TRY IT>
Would you print only the lines running from the one with "New Balance 355 - Original ad" to the final line of the data below, word for word and without pictures?

STORED DATA>
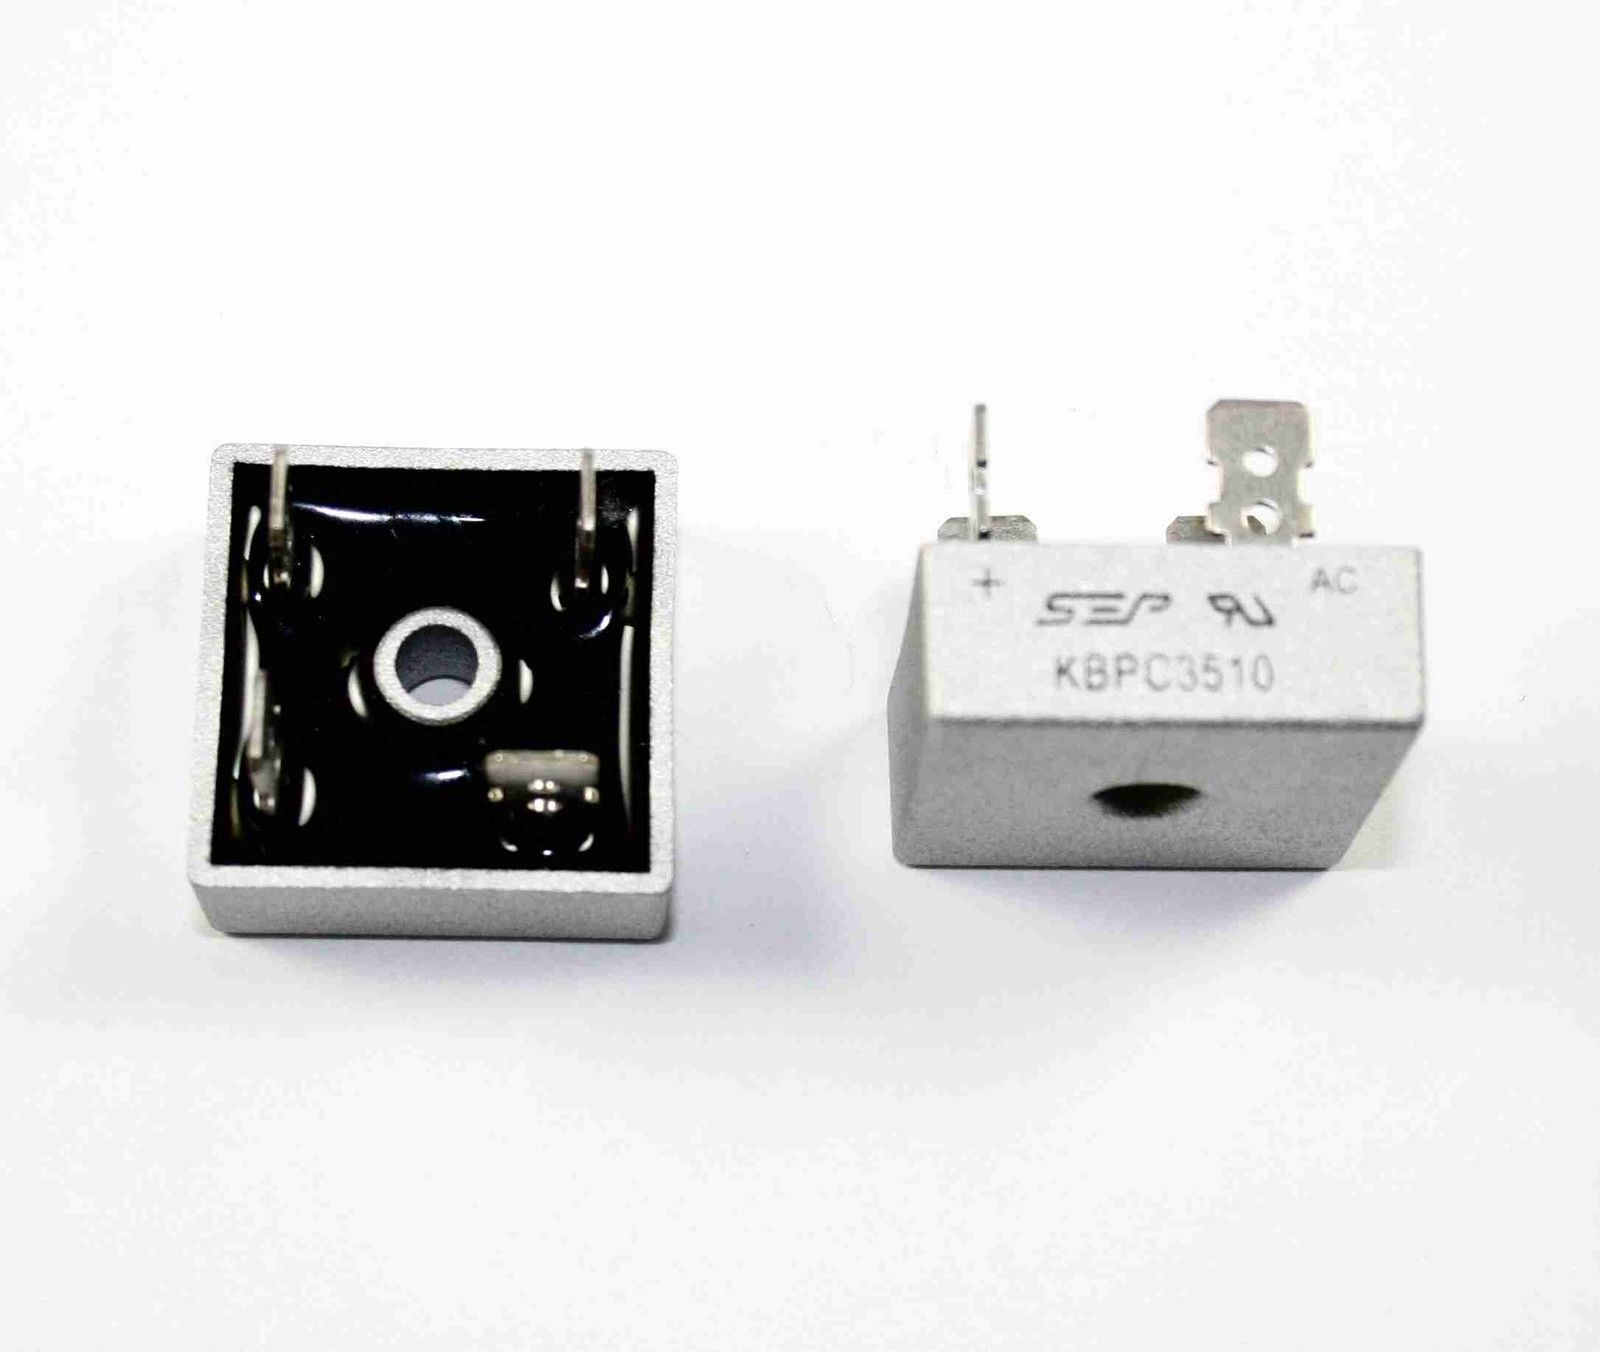 W10M General Instruments W10M Bridge Rectifier 0.5Amp 1000vrrm Lot of 10
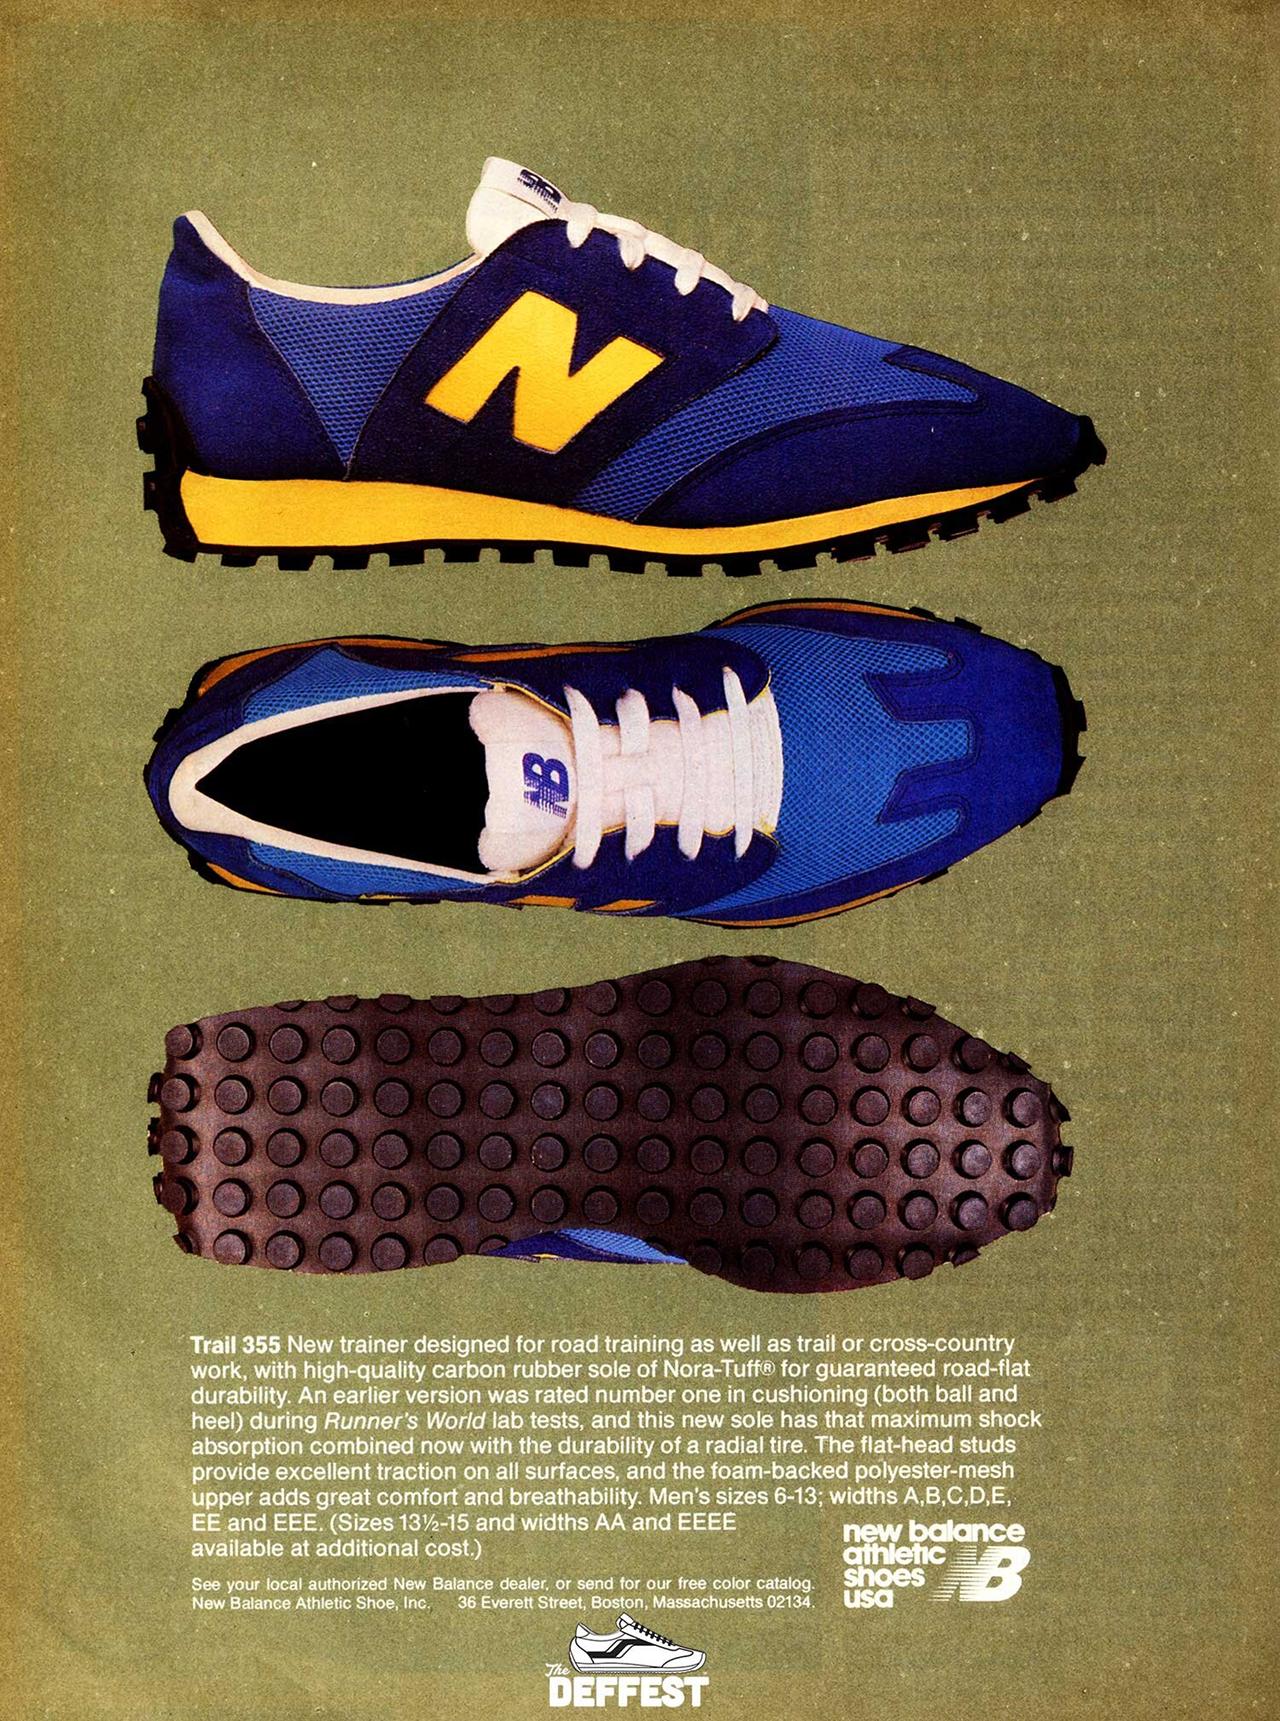 New Balance 355 - Original ad
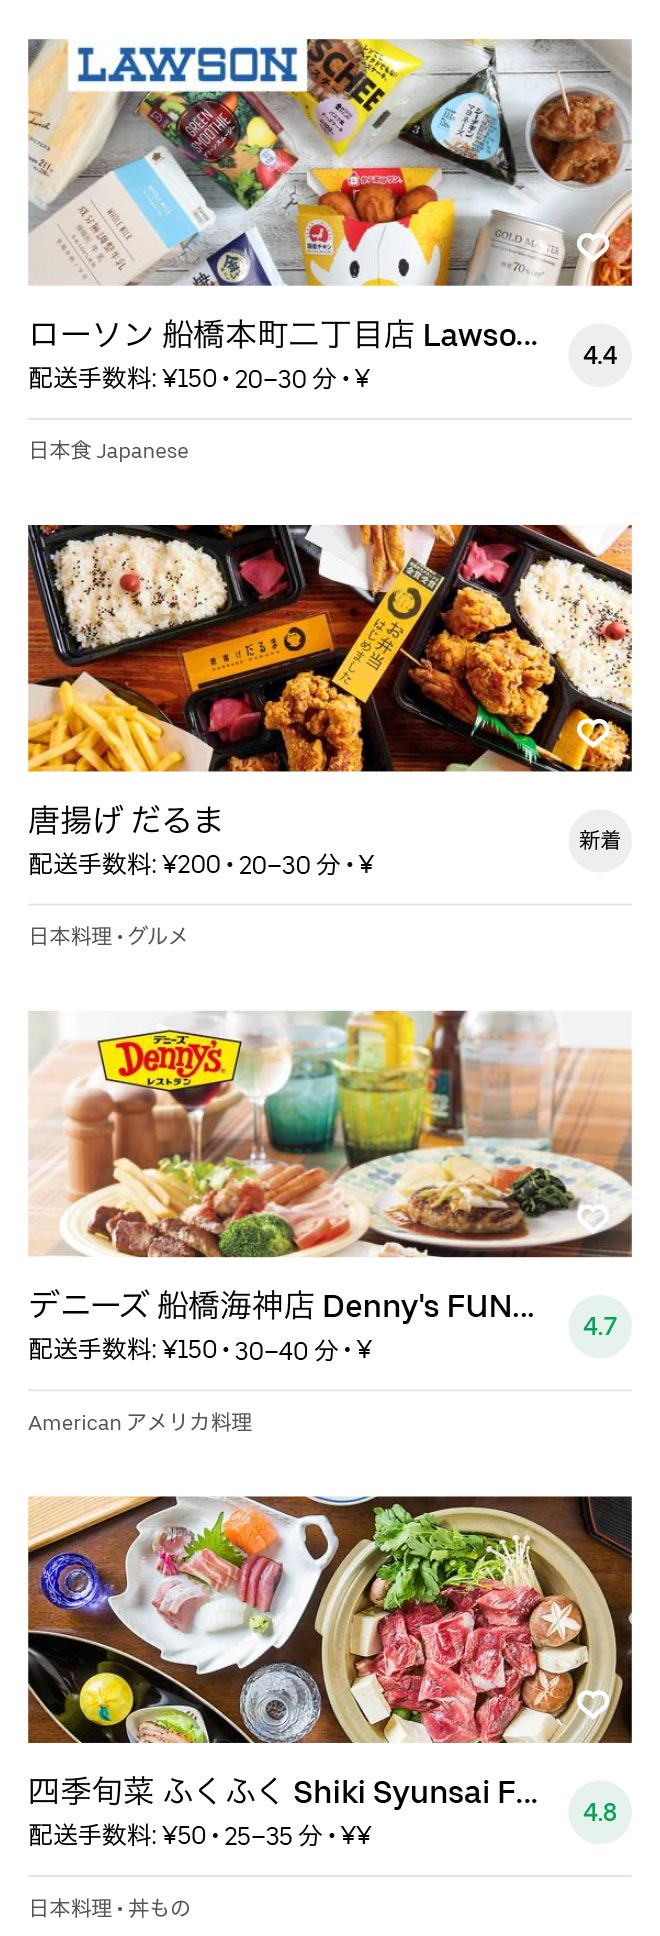 Funabashi menu 2008 10

TASK RESPONSE>
 New Balance 355 - Original ad
 Funabashi menu 2008 10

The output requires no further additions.